**Given information:**
########

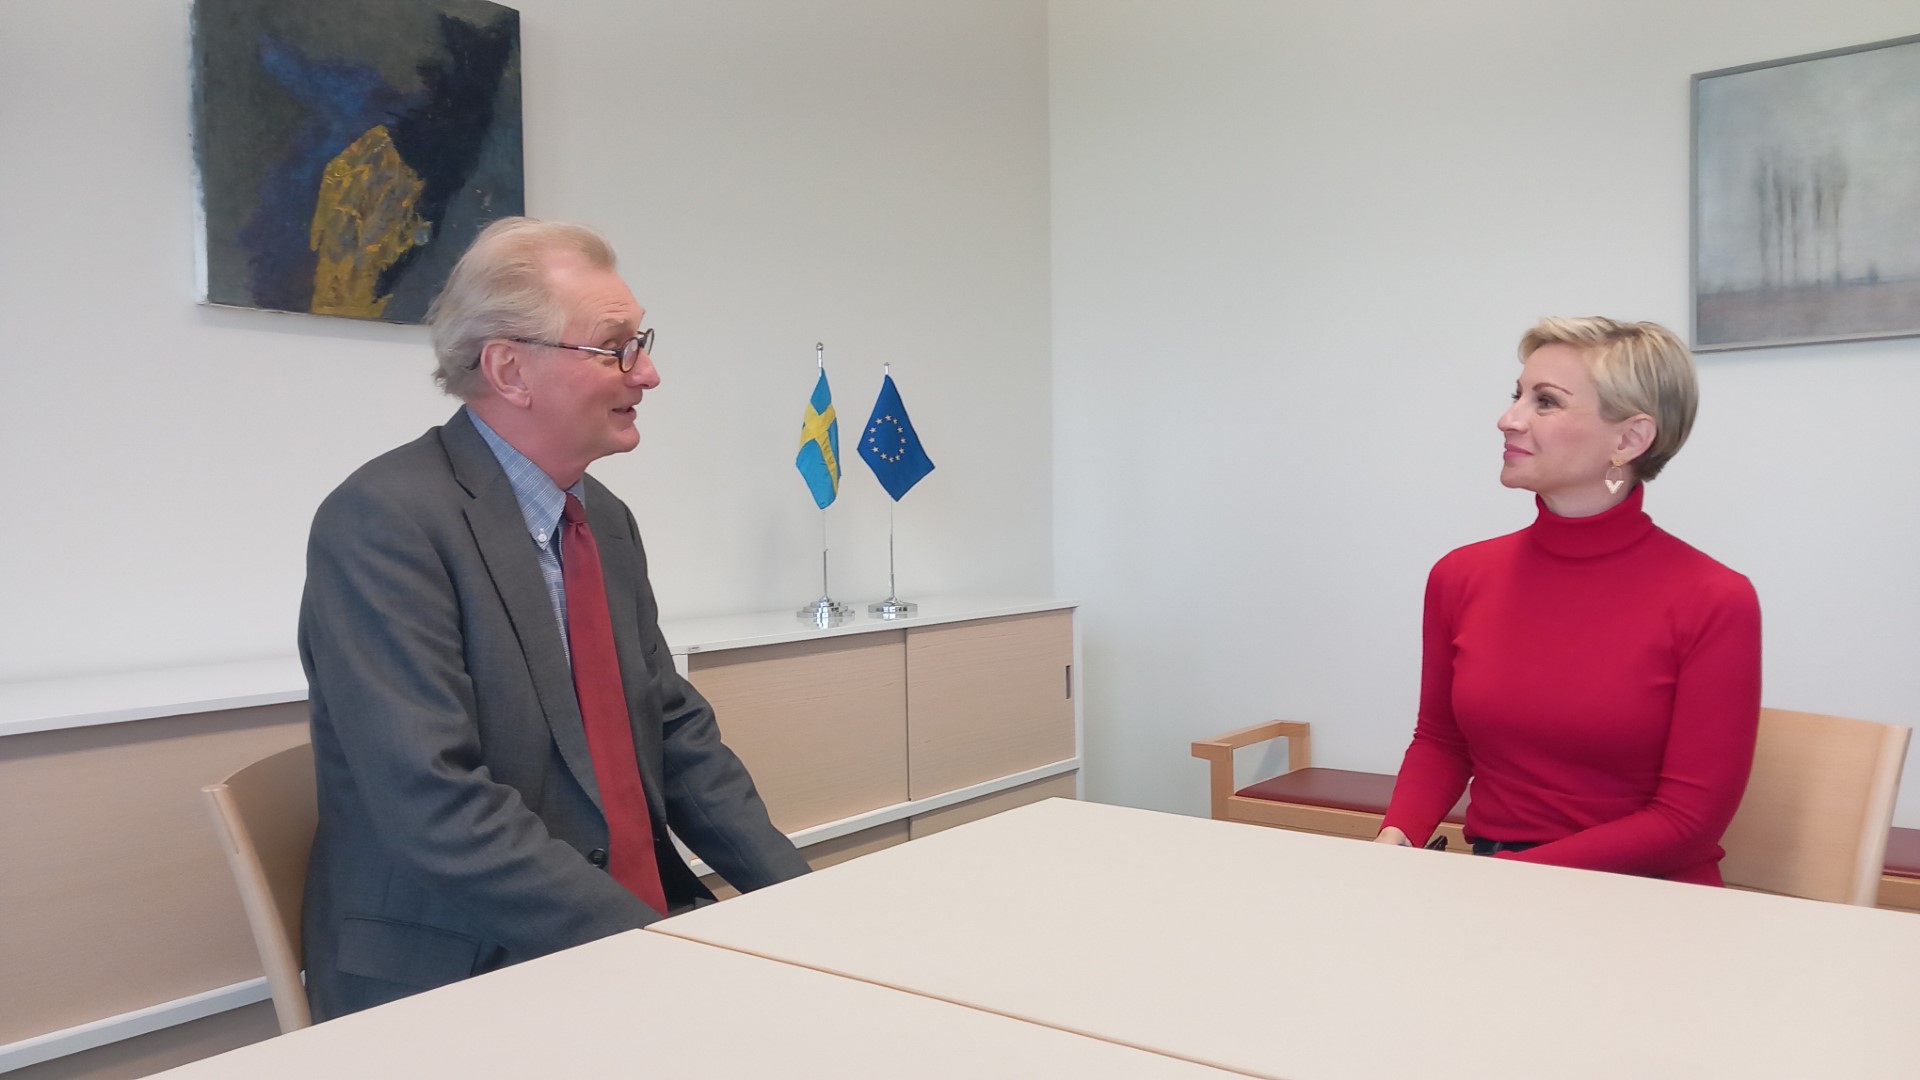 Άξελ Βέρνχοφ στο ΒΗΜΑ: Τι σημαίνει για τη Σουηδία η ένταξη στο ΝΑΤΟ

########

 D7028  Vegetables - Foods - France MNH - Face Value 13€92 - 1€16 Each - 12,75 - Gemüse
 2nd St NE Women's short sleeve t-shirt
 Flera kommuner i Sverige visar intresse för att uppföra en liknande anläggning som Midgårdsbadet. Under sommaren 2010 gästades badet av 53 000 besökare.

########

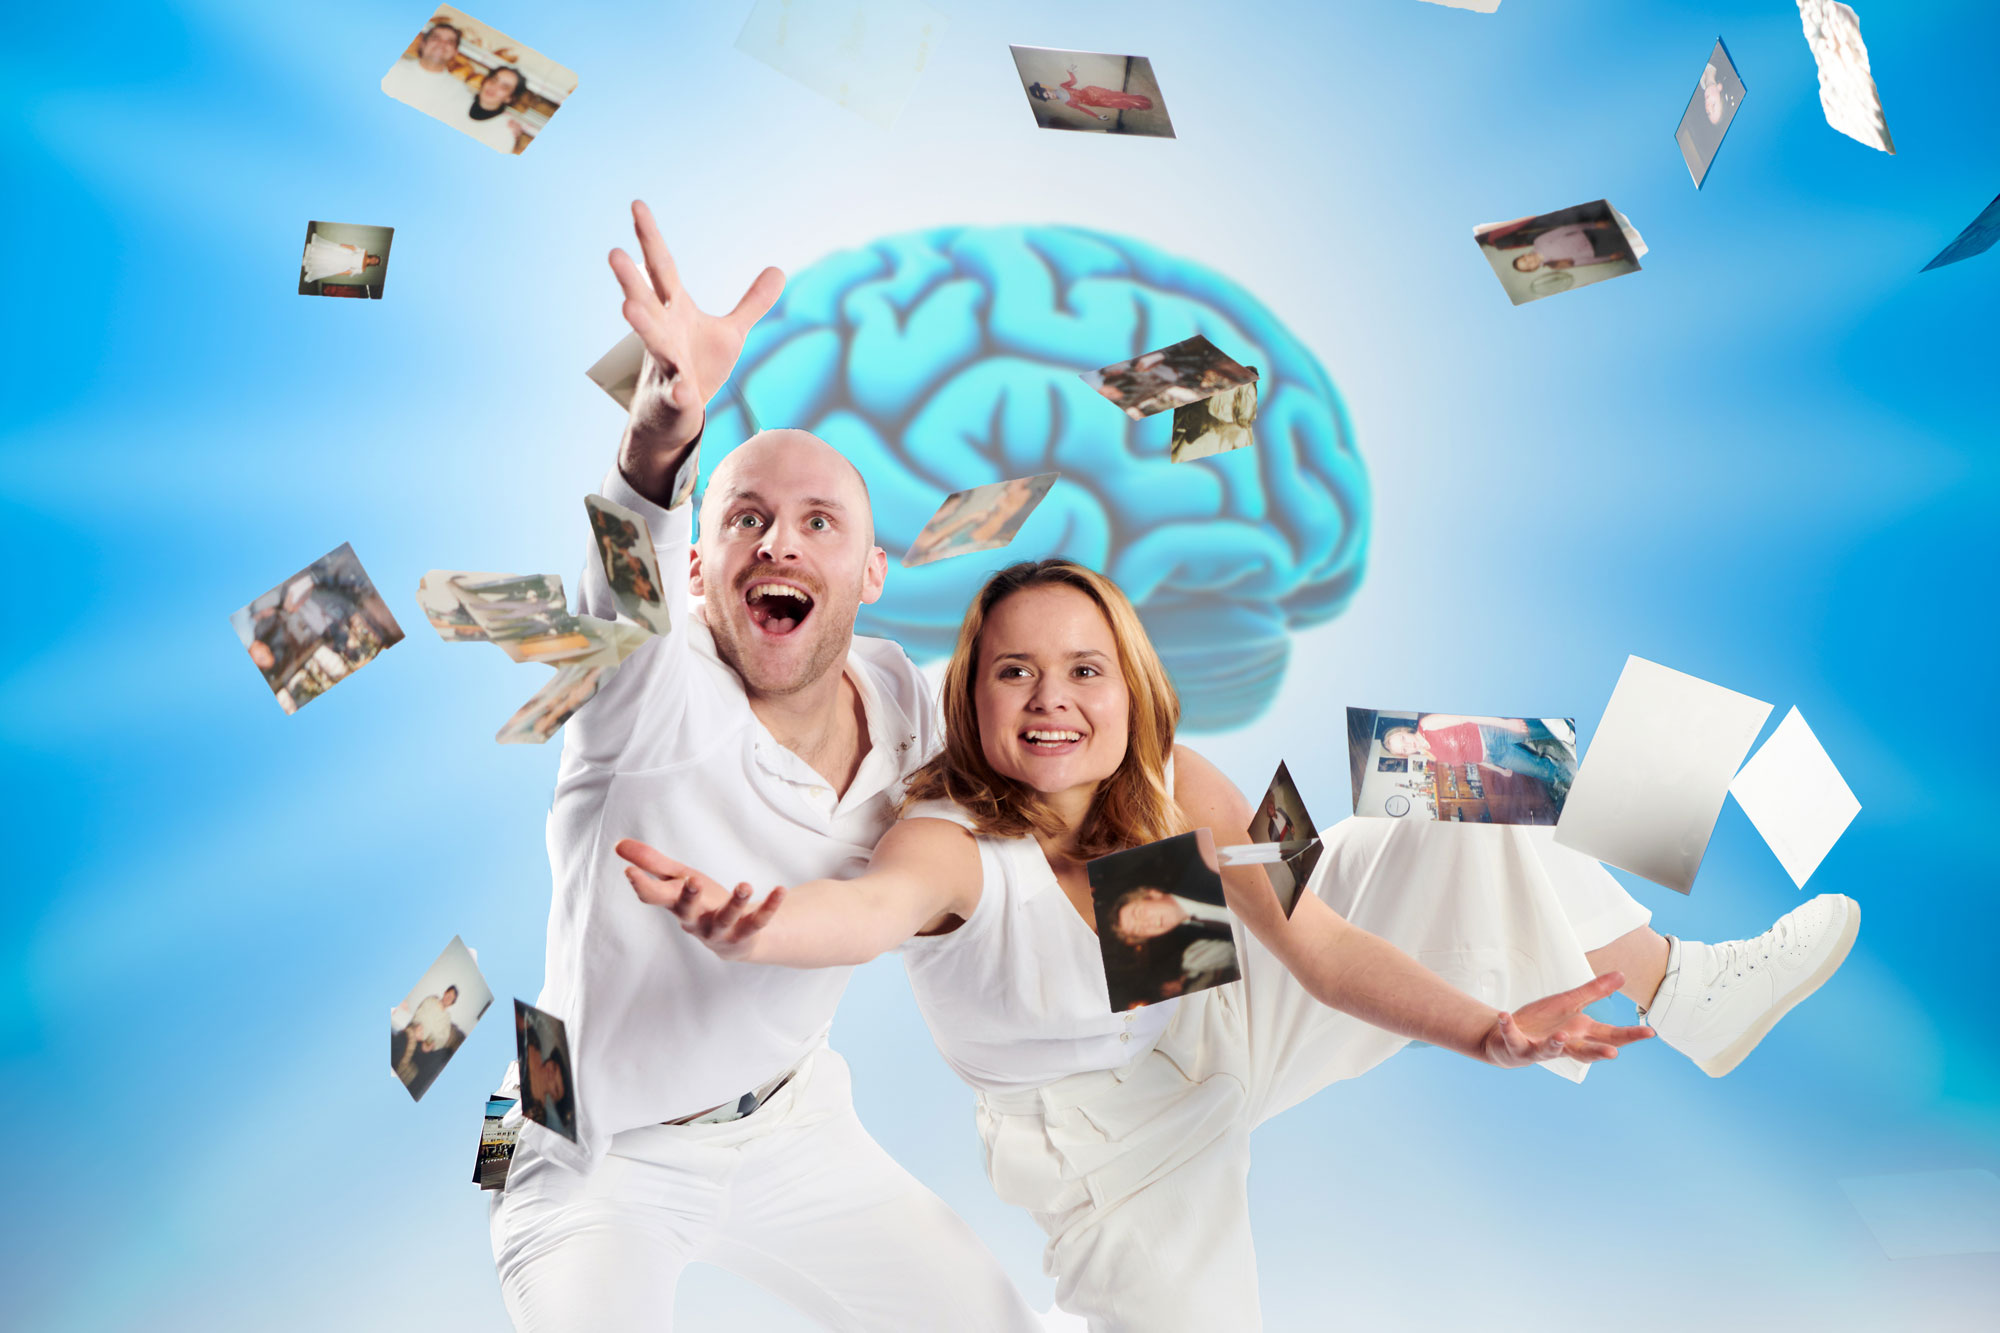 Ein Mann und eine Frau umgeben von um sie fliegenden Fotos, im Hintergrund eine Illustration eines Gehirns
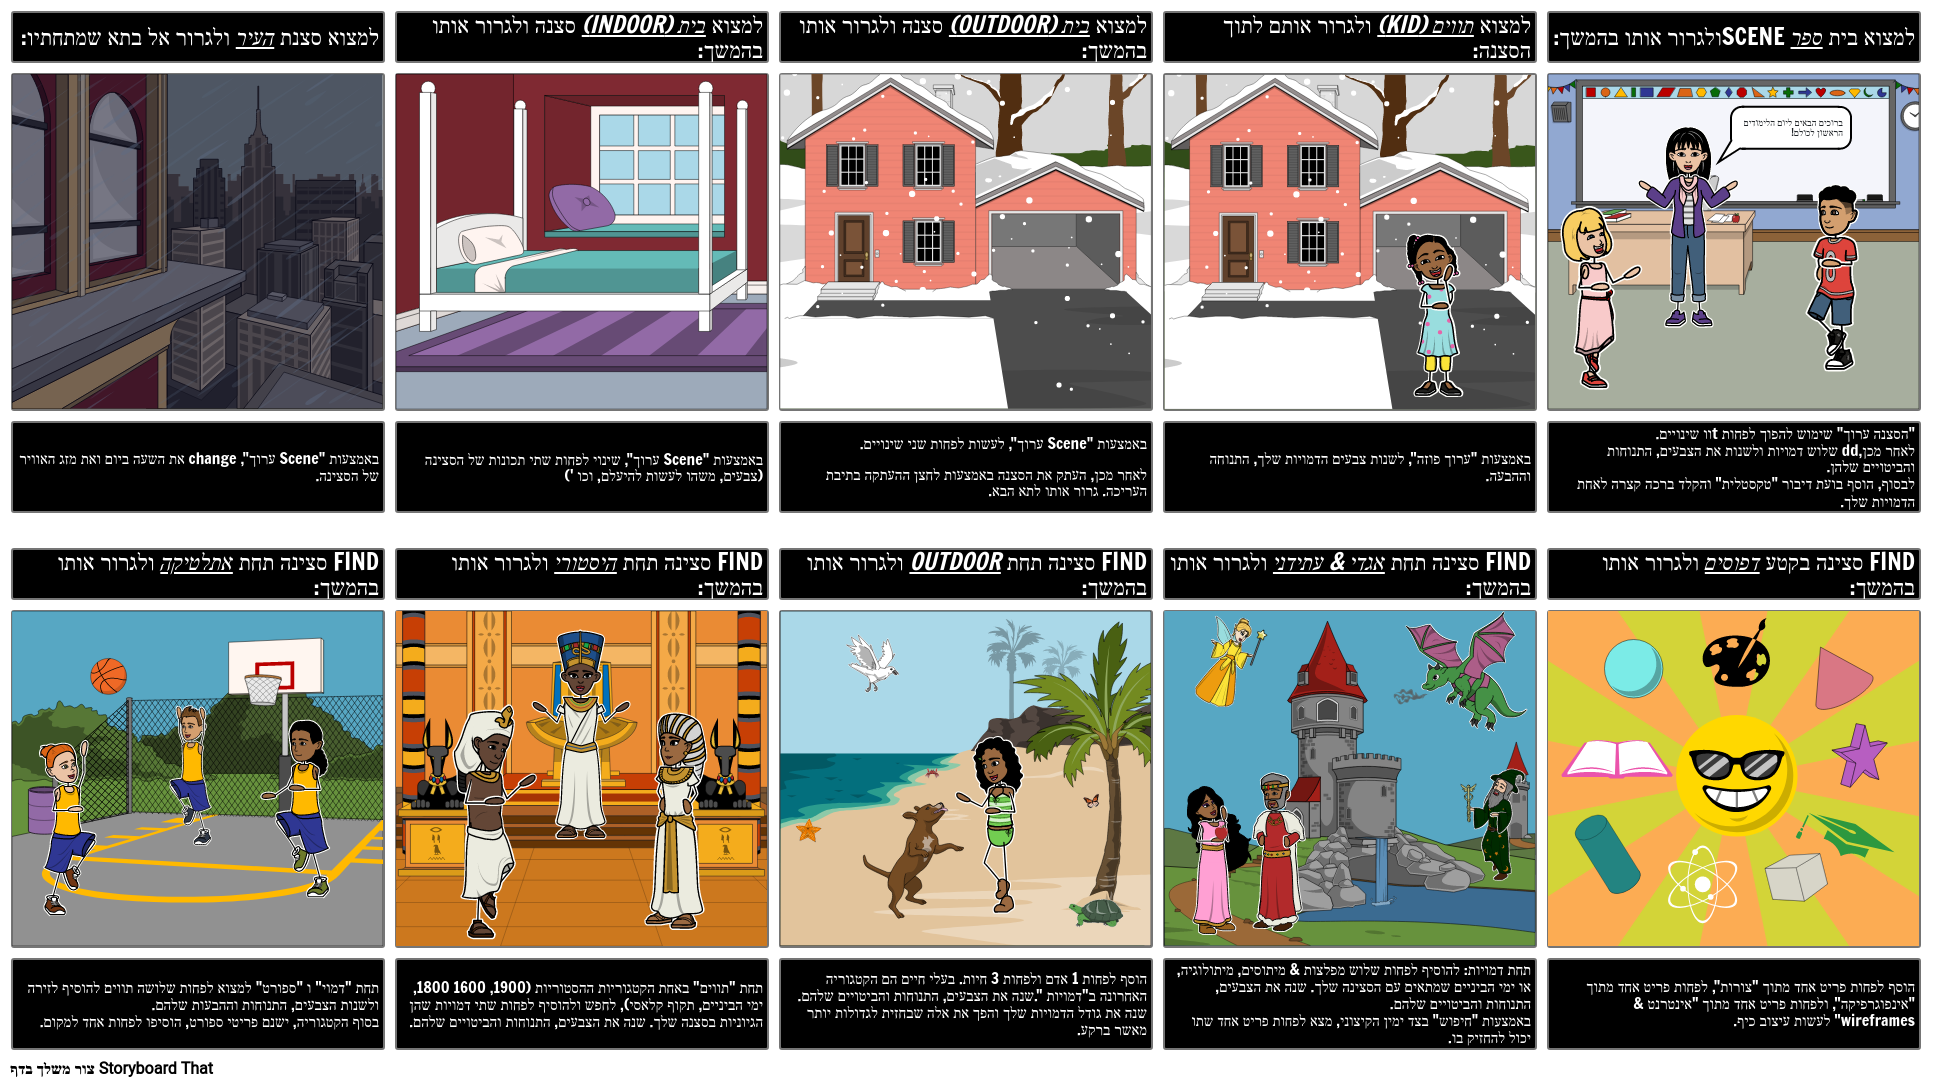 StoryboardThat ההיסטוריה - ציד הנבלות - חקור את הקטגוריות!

########

Beginning with the line holding "Ein Mann und" in the material above, restate word for word each line through the line holding "StoryboardThat ההיסטוריה - ציד", and exclude pictures.

**Exercise result:**
 Ein Mann und eine Frau umgeben von um sie fliegenden Fotos, im Hintergrund eine Illustration eines Gehirns
 StoryboardThat ההיסטוריה - ציד הנבלות - חקור את הקטגוריות!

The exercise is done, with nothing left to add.